Uma princesa na picada

Começamos muito cedo a ser nós. Por isso, sei o que estava a pensar neste momento. Aquela menina ainda cá está. O crescimento foi realizando o seu trabalho inevitável, mas eu, a forma como penso os meus pensamentos, como sinto o mundo, como tenho a consciência do que acabei de pensar e sentir, é a mesma. Por muito estranha que me pareça a figura daquele ser tão pequeno, tão louro e tão magro, partilhamos a mesma alma indivisível.

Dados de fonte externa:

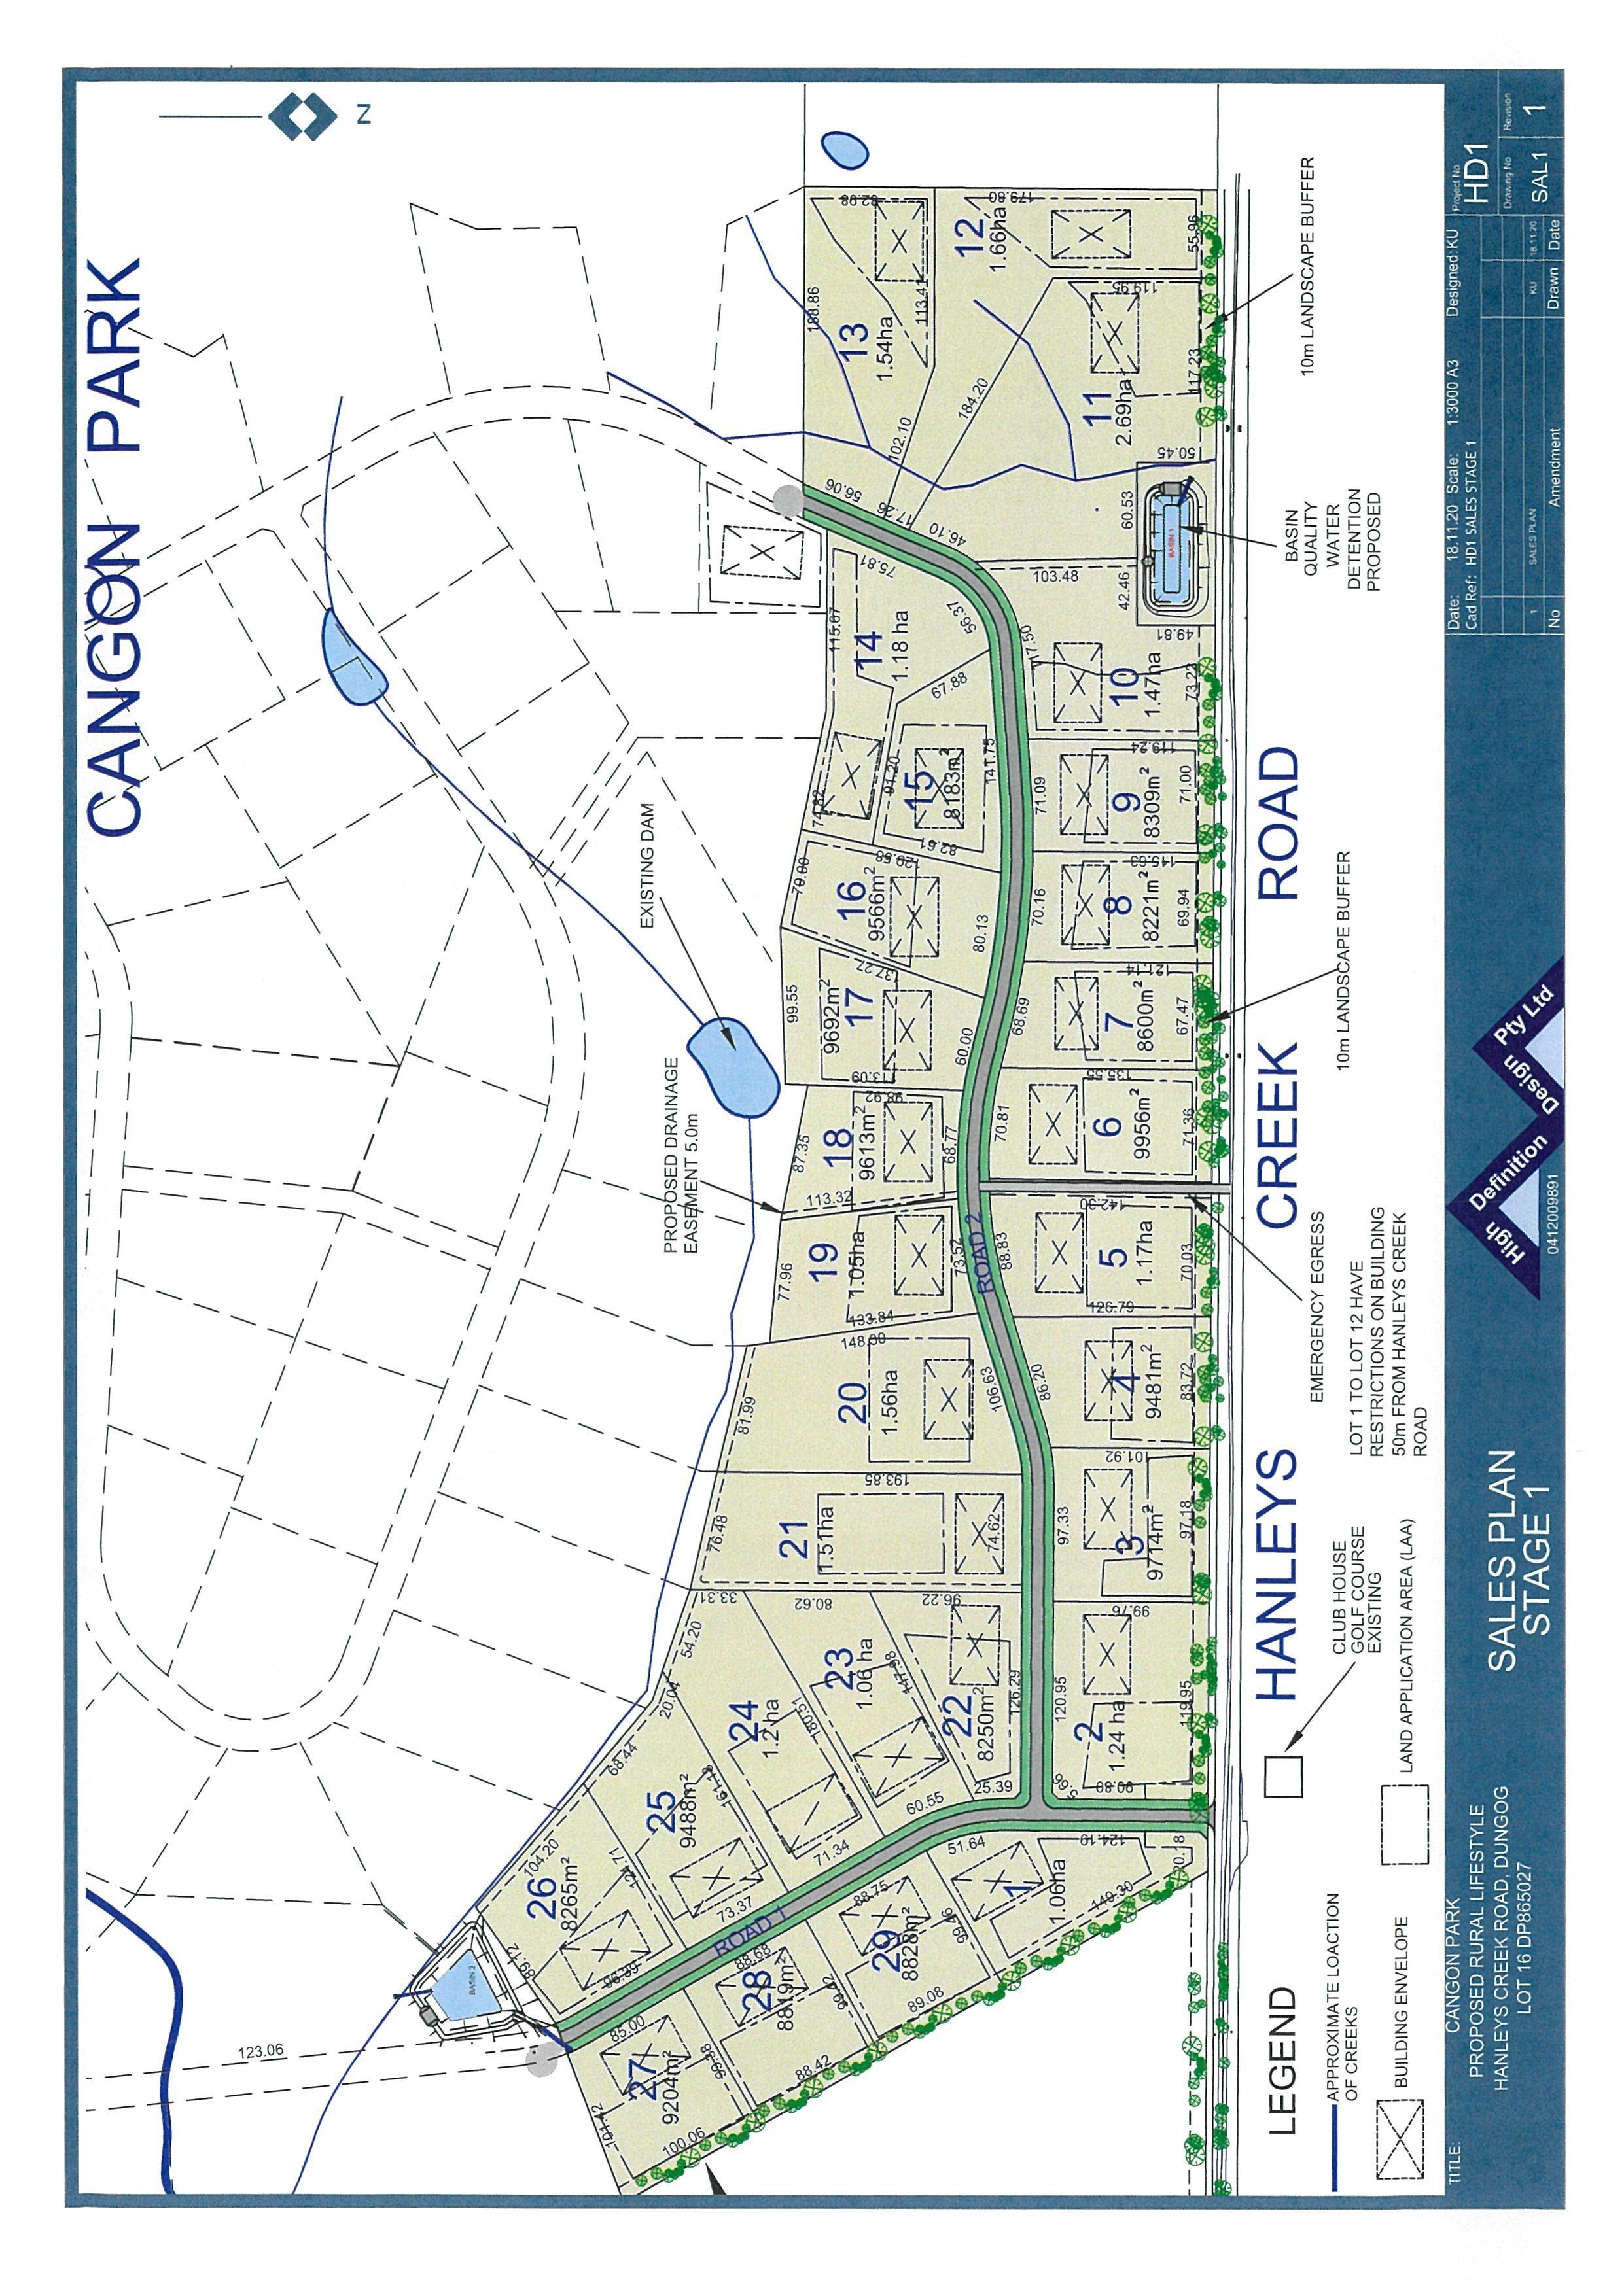 19/Lot 16 Hanleys Creek Road Dungog 2420

Não me lembro do local concreto onde tirámos esta foto, mas sei que era domingo. A minha mãe só me calçava sapatos de verniz ao domingo. Queriam tirar-me fotografias ao sol, e eu não conseguia enfrentá-lo. "Olha para cima! Não desvies a cara! Não feches os olhos! Levanta a cabeça, rapariga!" Não era uma sessão fotográfica, mas uma tortura. Tripla. Primeiro, a obrigação de enfrentar o sol, que continua a ser impossível. Segundo, o vestido de tule, um tecido duro, que armava, que me picava os braços e as pernas. Terceiro, os sapatos de verniz, fechados, com meias de lã. Por cima de tudo aquilo, um calor húmido na ordem dos 36 graus.

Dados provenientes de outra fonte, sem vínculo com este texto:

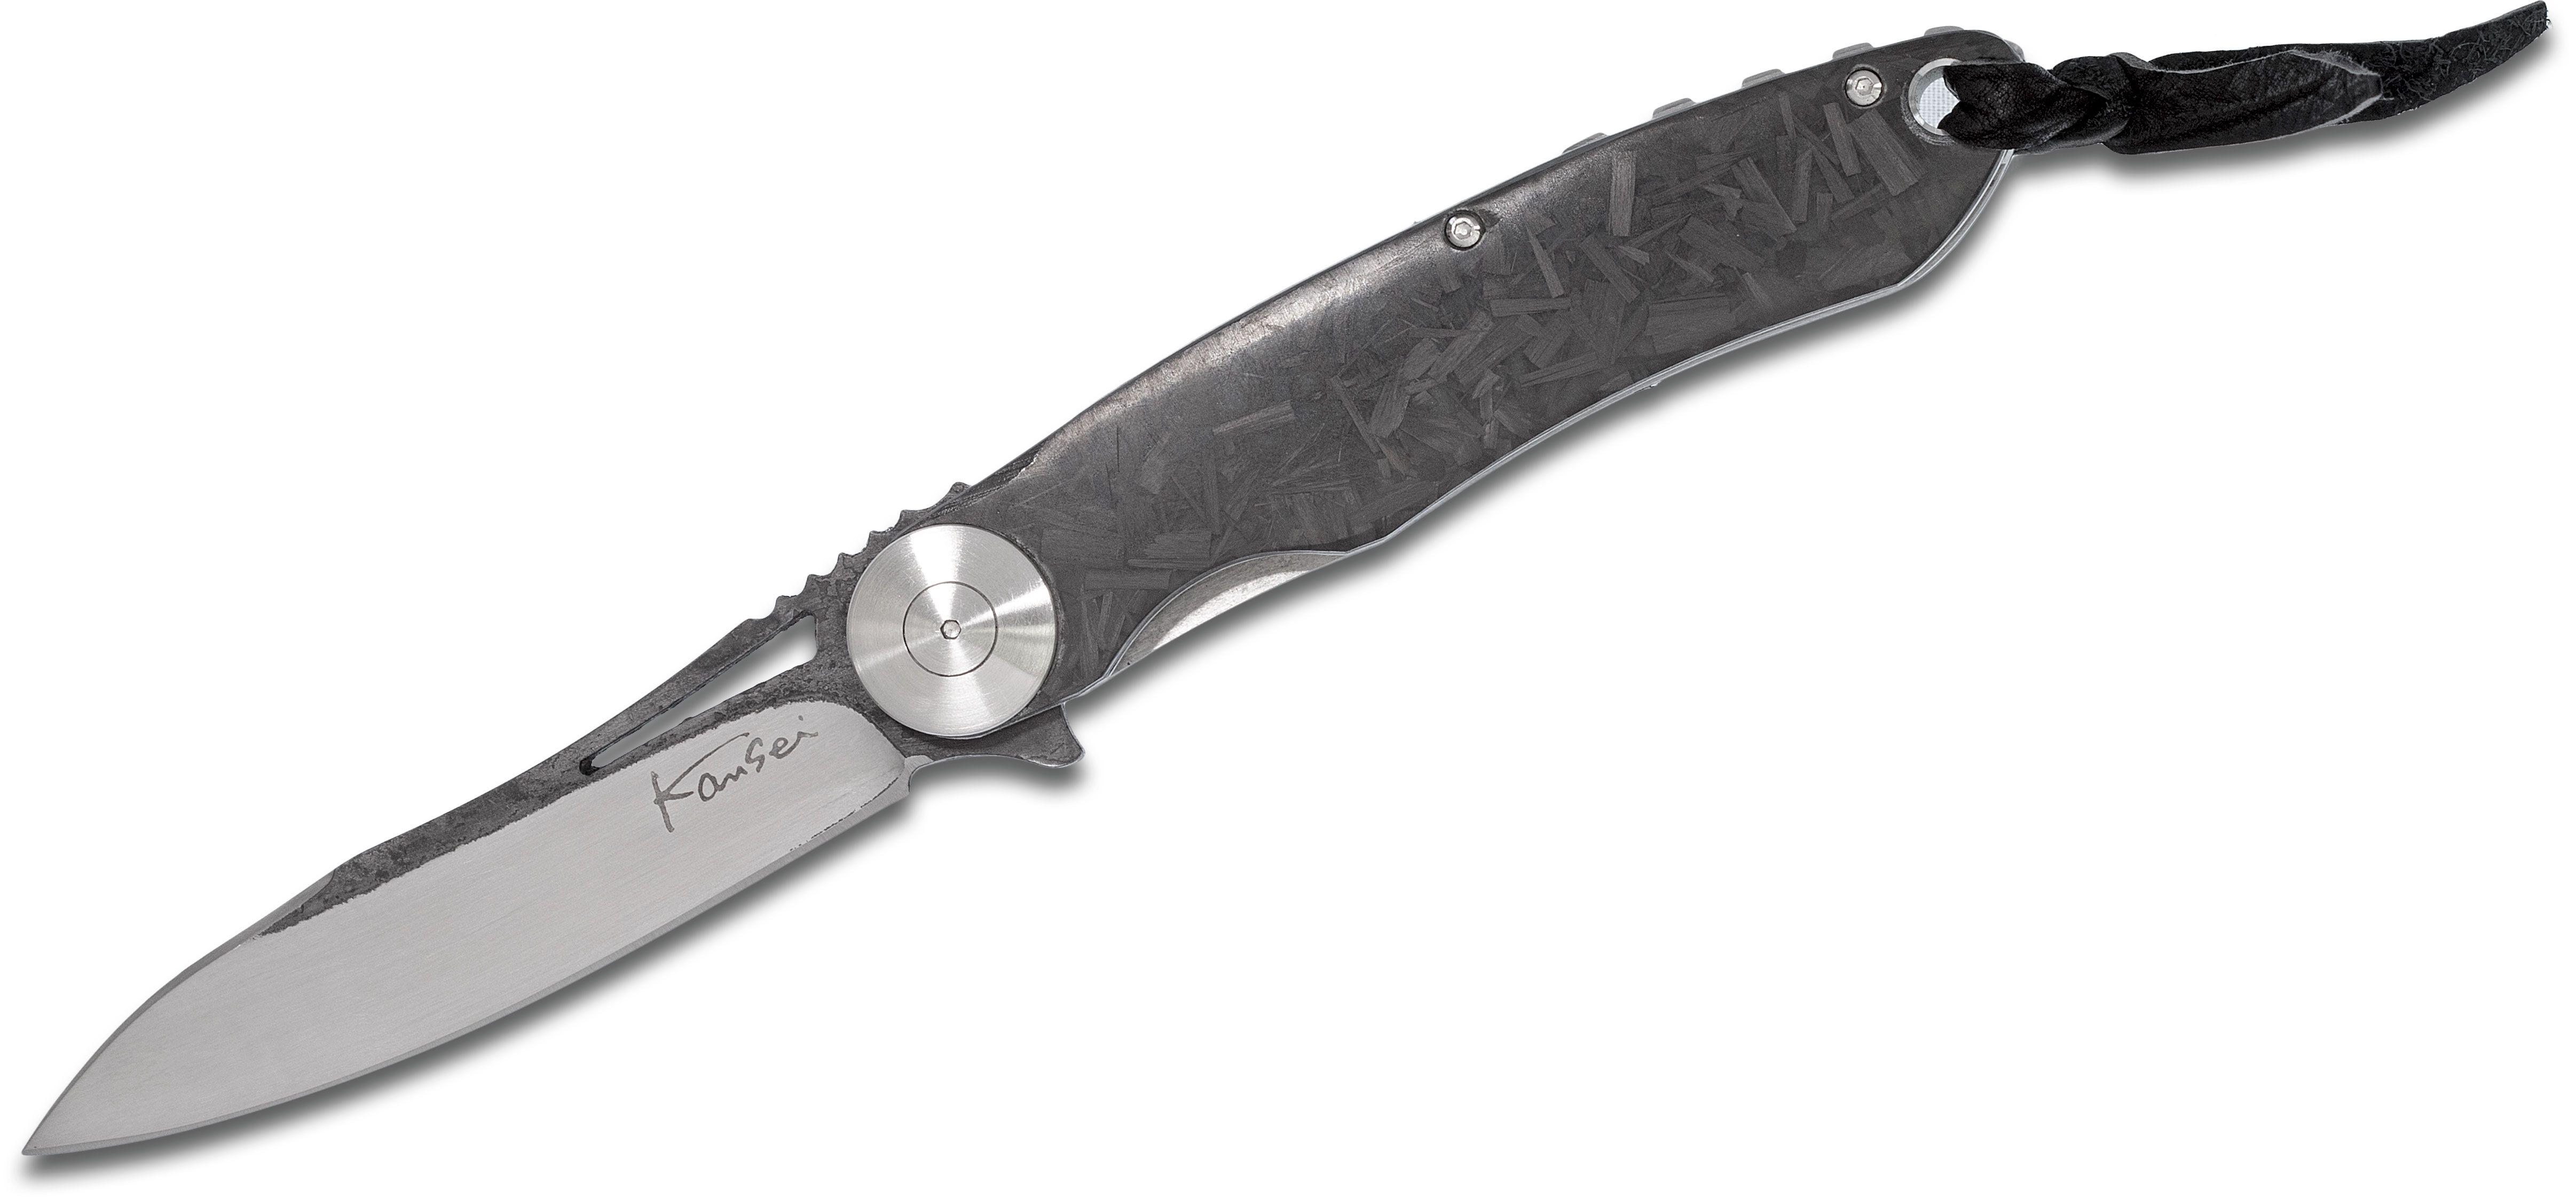 Kansei Matsuno Custom LRF02 Flipper 3.125 inch D2 Sheepsfoot Blade, Shred Carbon Fiber Handles, Leather Pouch

Por que me faziam aquilo? Porque eu era uma menina de bem, de boas famílias. Porque eles não tinham tido direito a tule, sapatos de verniz nem fotografias. Porque as fotografias serviam para se mostrar, e então que se mostrasse algo faustoso; uma princesa. Uma princesa na picada. Não existem por ali palácios nem jardins. É uma picada rodeada de mato. Um desvio. A estrada para a casa de algum machambeiro. E, no meio da picada, a princesa de tule. Julgo que os portugueses sentiram a pulsão de vestir África inteira de tule, e calçá-la com sapatos de verniz. E esse foi um dos erros. Aquilo era bom, mas era bom porque estava nu.
Aos domingos, oferecia-me ao sacrifício. Sabia que era temporário. Sabia que um dia seria adulta e haveria de me livrar deles, das fotografias. Quando fosse adulta ia estar sozinha na minha casa e ninguém entraria para me chatear, e só faria o que valesse a pena. Pensava isto exactamente como estou a escrevê-lo. A minha alma é ainda a mesma.